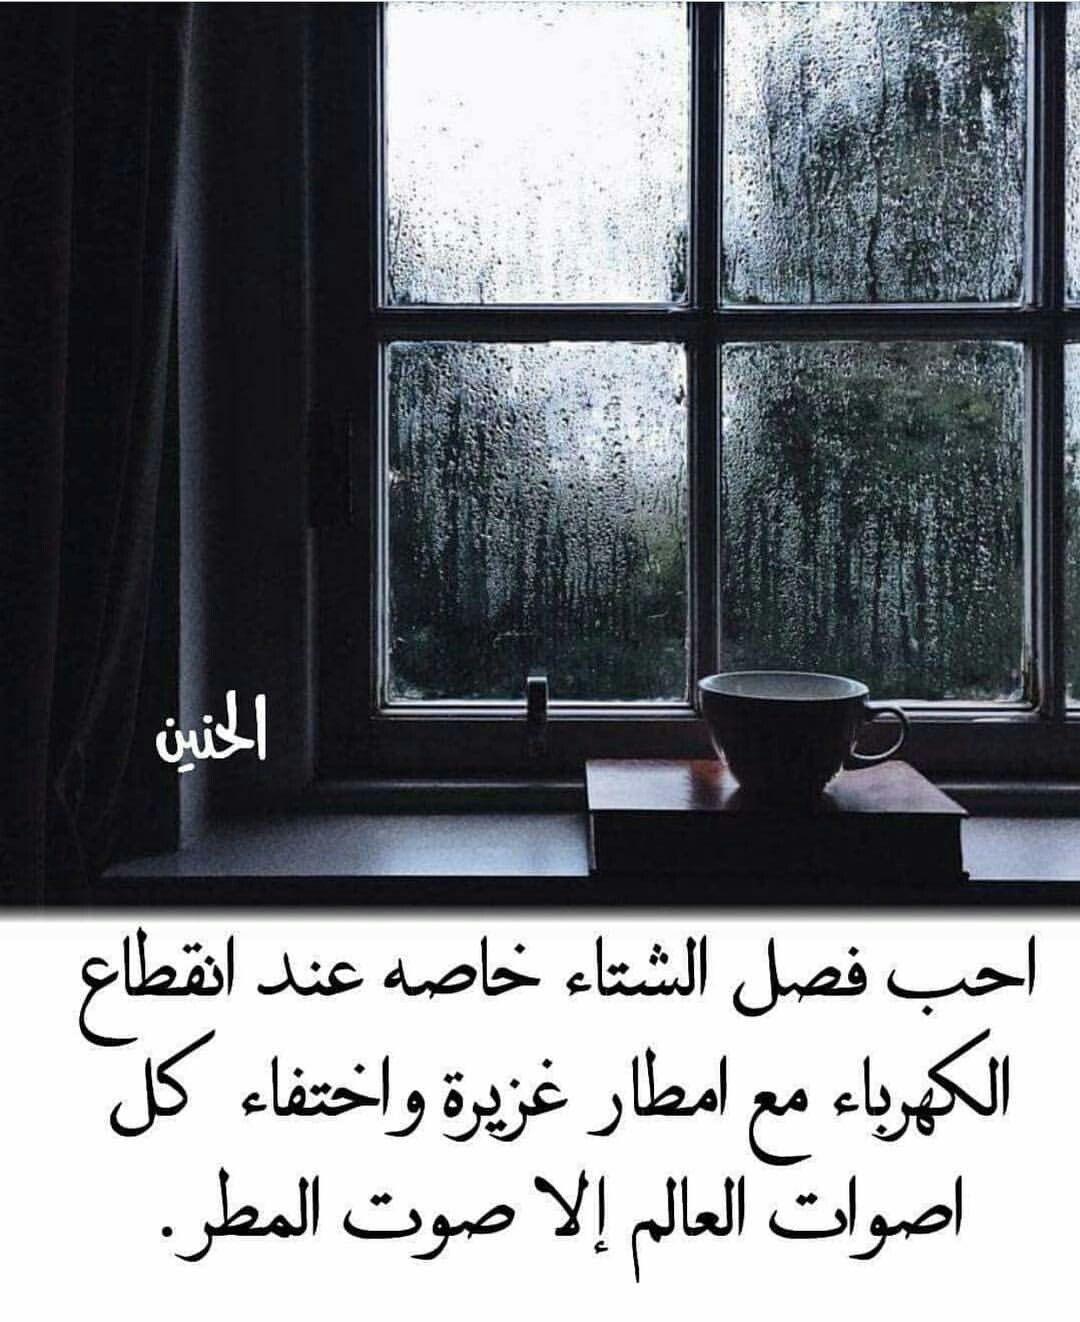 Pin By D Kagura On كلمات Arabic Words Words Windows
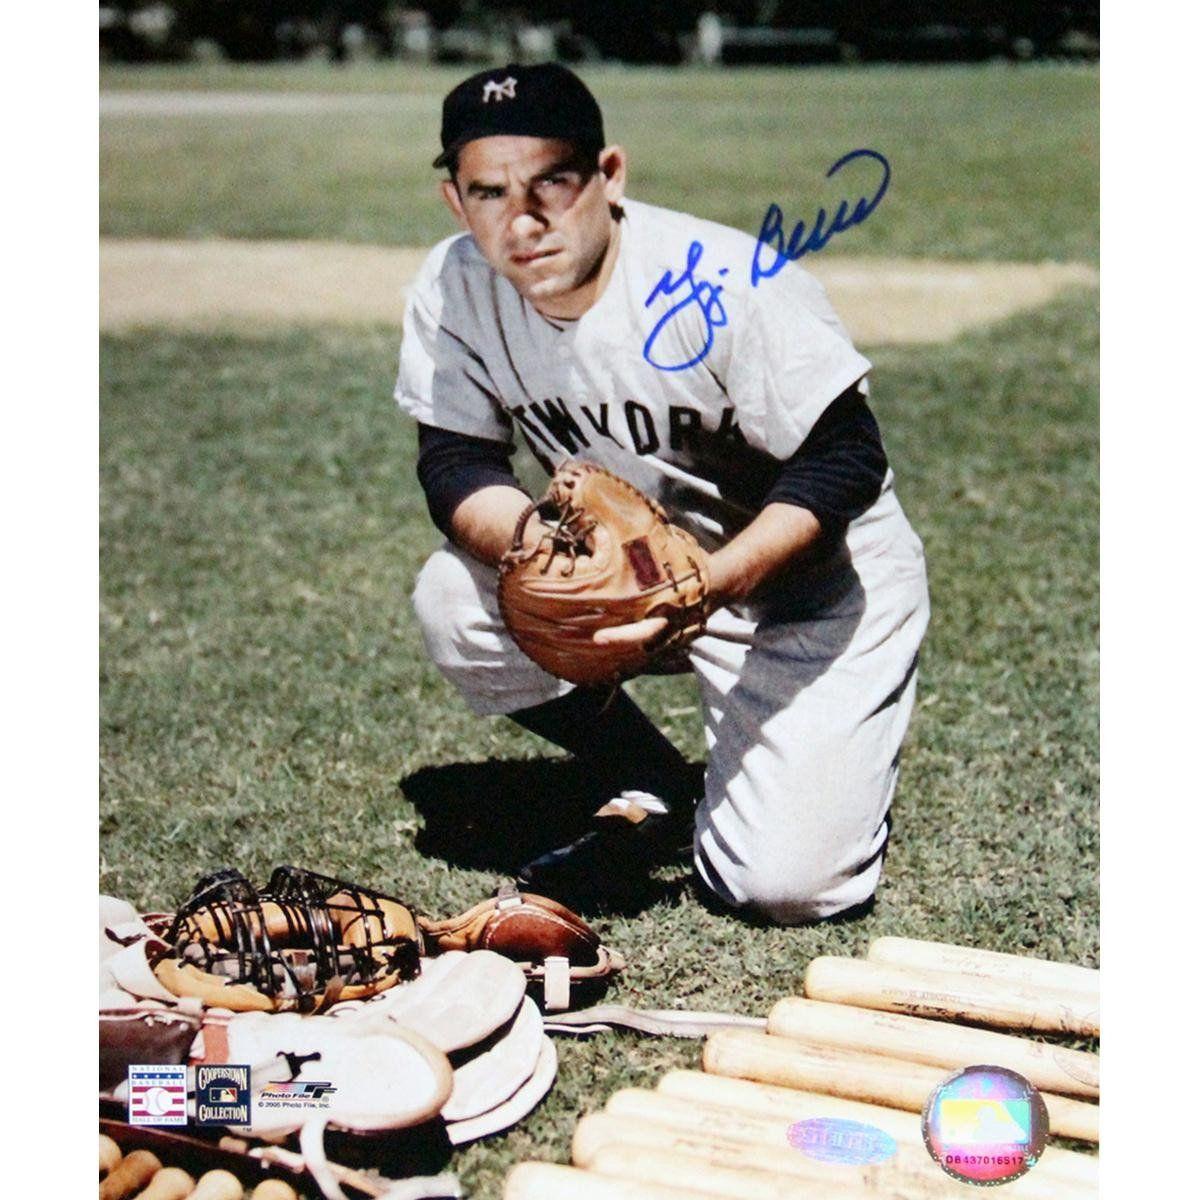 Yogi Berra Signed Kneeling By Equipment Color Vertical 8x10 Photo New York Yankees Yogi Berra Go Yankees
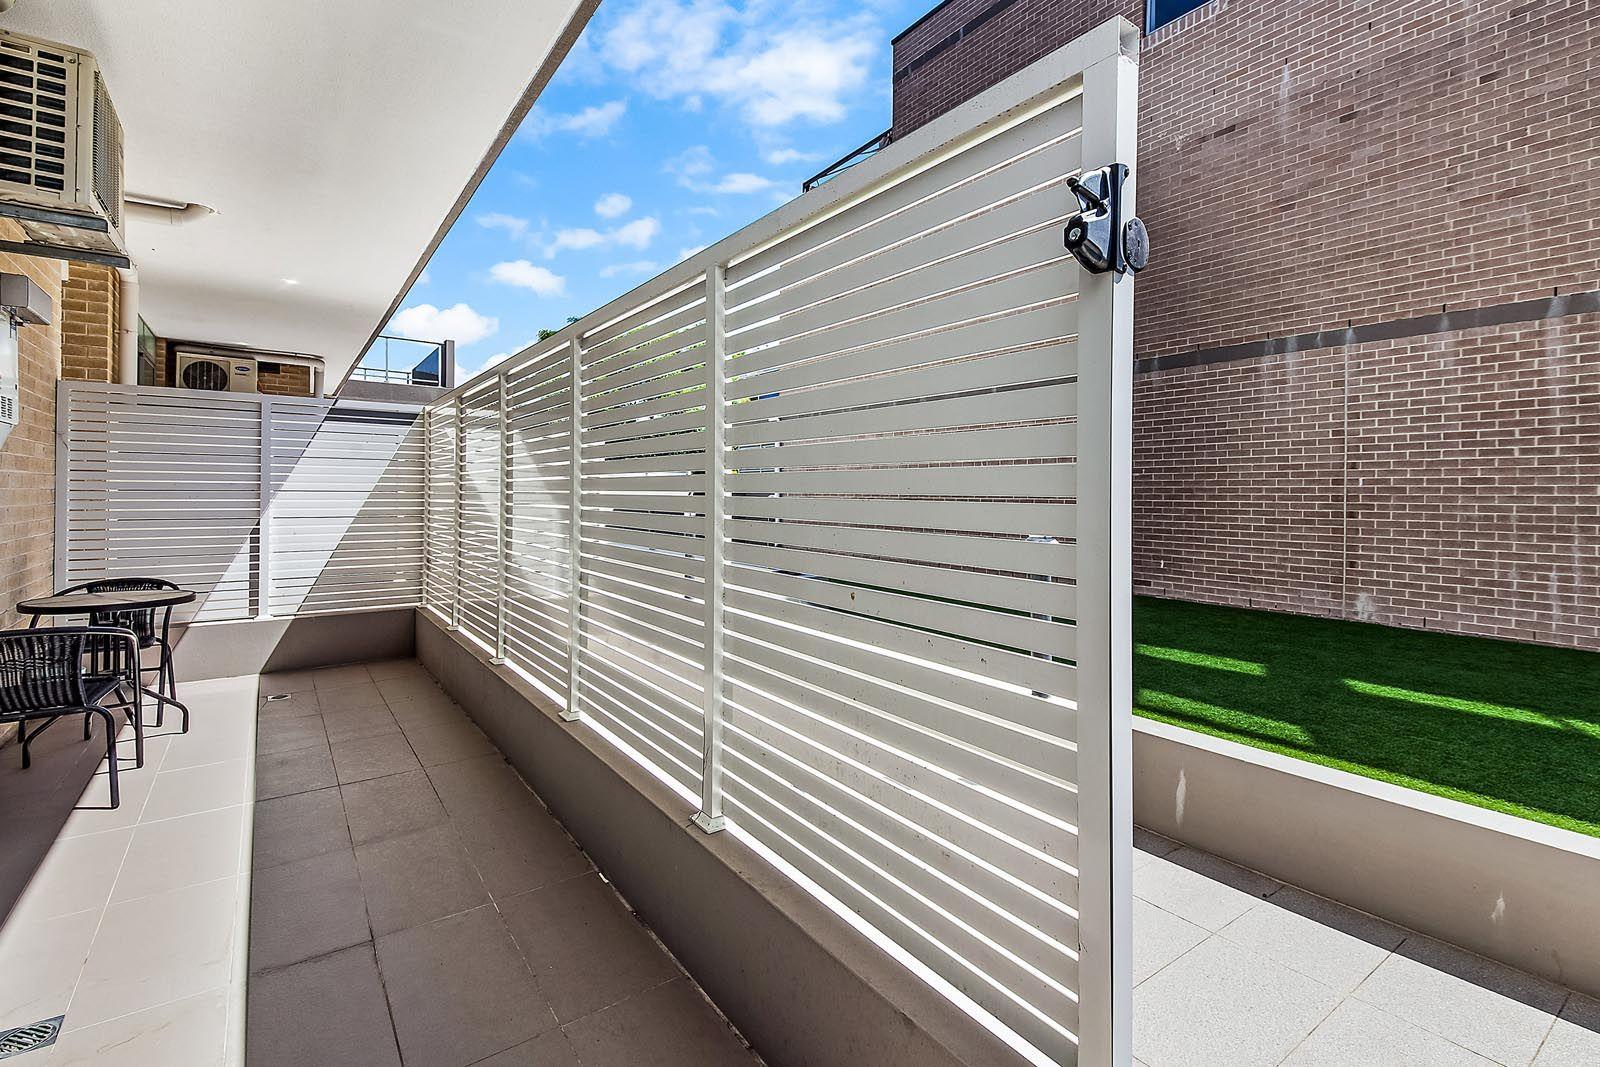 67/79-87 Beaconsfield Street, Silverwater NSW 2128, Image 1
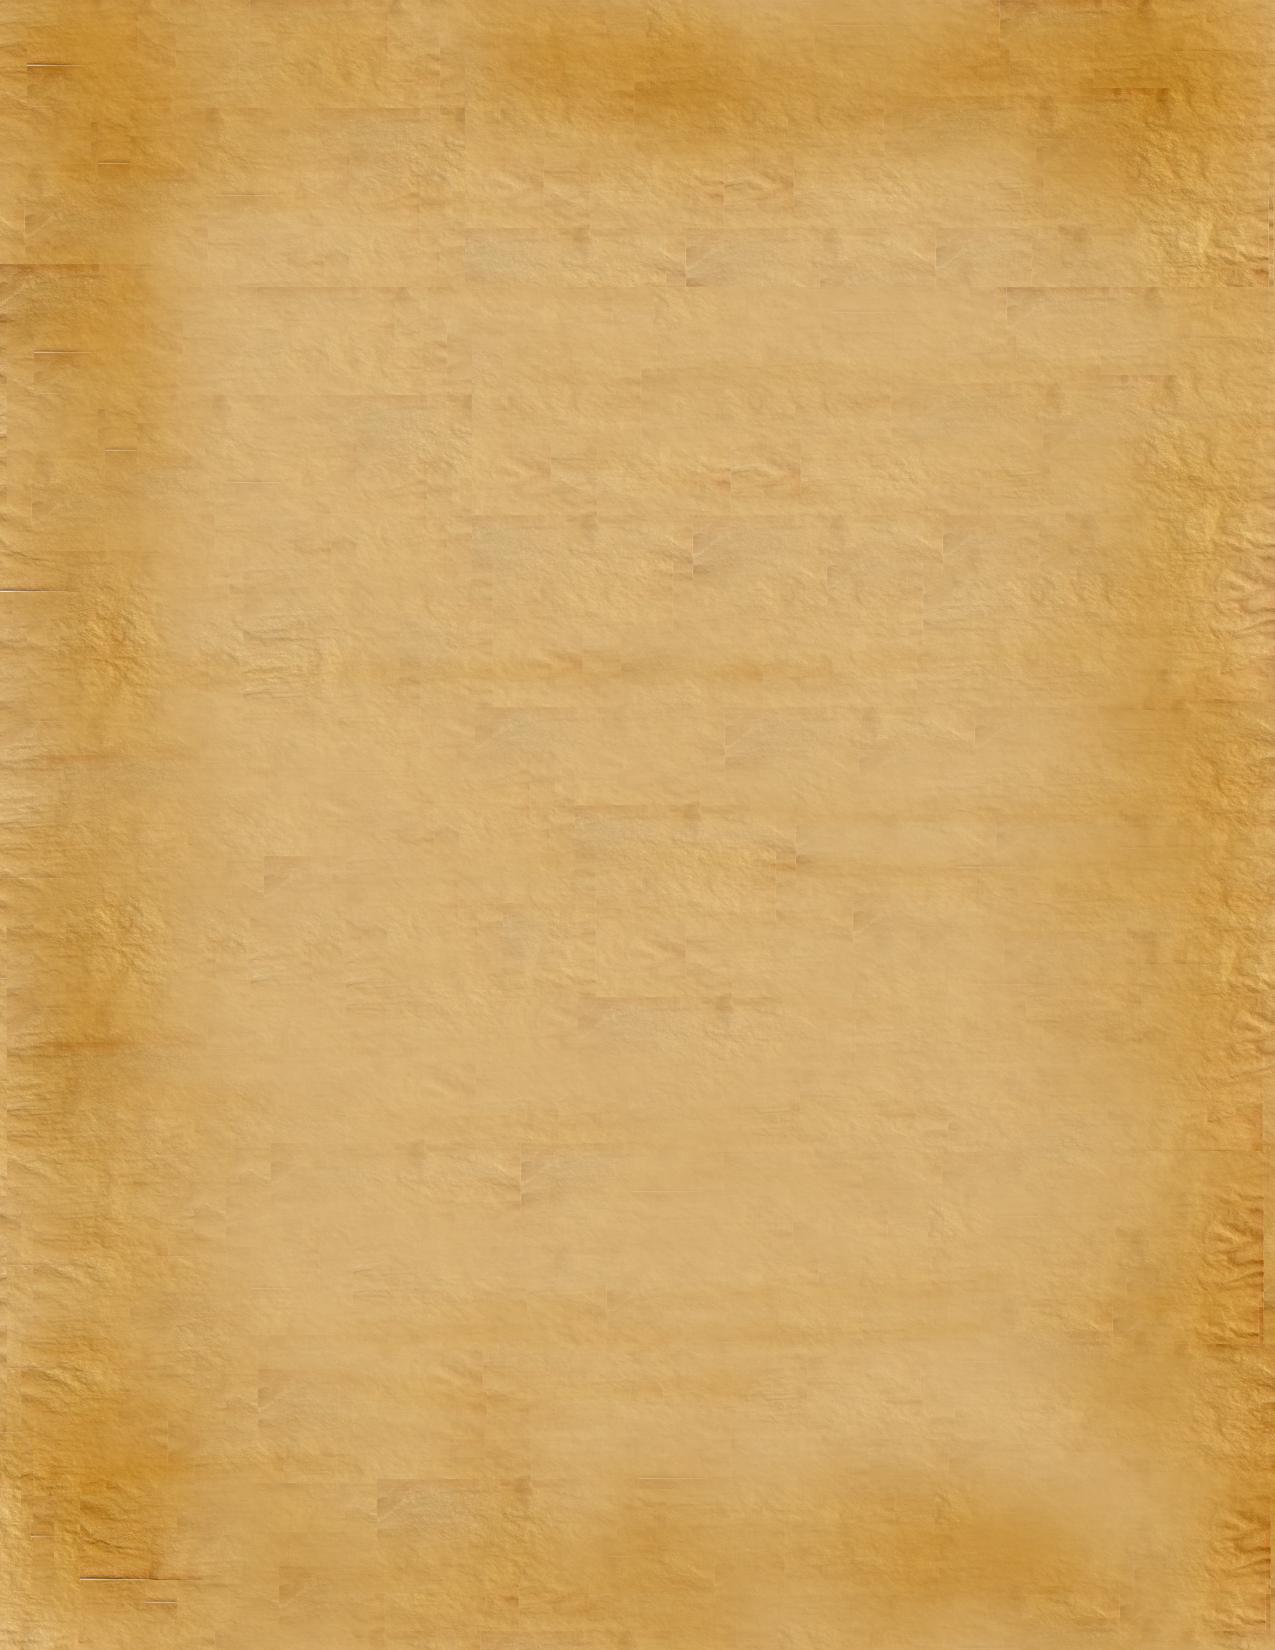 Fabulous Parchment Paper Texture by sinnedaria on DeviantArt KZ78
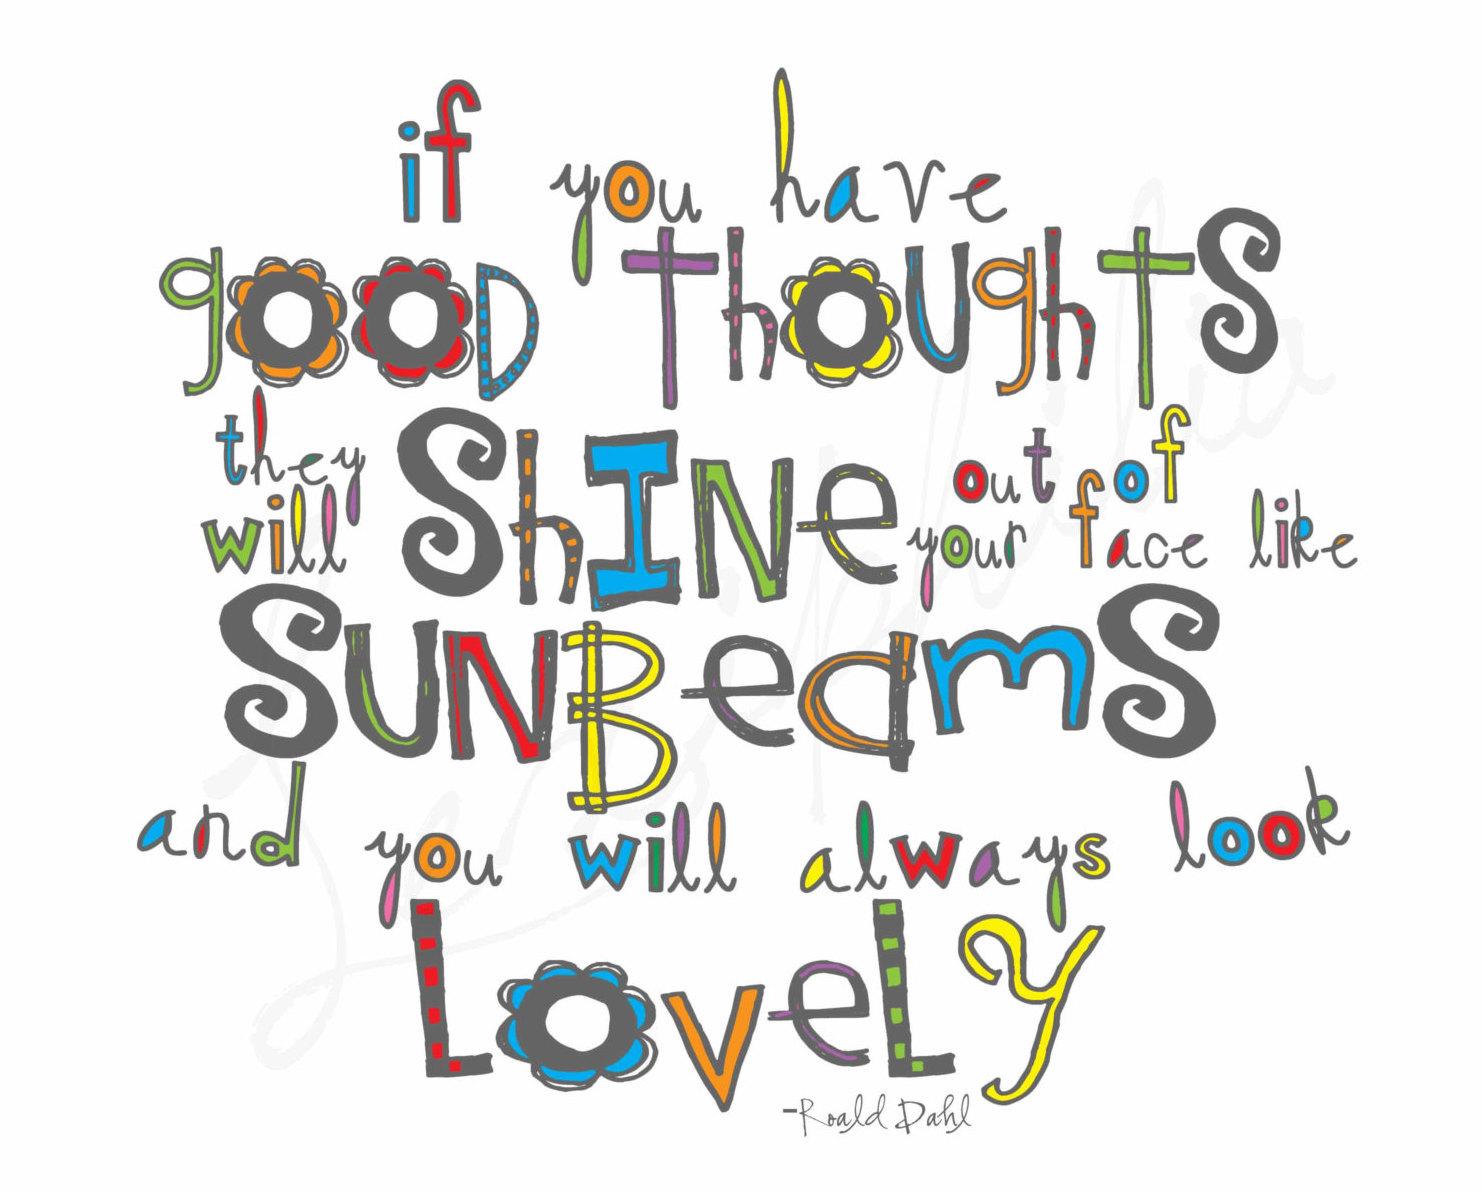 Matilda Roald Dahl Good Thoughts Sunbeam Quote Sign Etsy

···

- Assignment -
Omitting all pictures, set the listing down exactly.

- Finished task -
 Pin By D Kagura On كلمات Arabic Words Words Windows
 Yogi Berra Signed Kneeling By Equipment Color Vertical 8x10 Photo New York Yankees Yogi Berra Go Yankees
 67/79-87 Beaconsfield Street, Silverwater NSW 2128, Image 1
 Fabulous Parchment Paper Texture by sinnedaria on DeviantArt KZ78
 Matilda Roald Dahl Good Thoughts Sunbeam Quote Sign Etsy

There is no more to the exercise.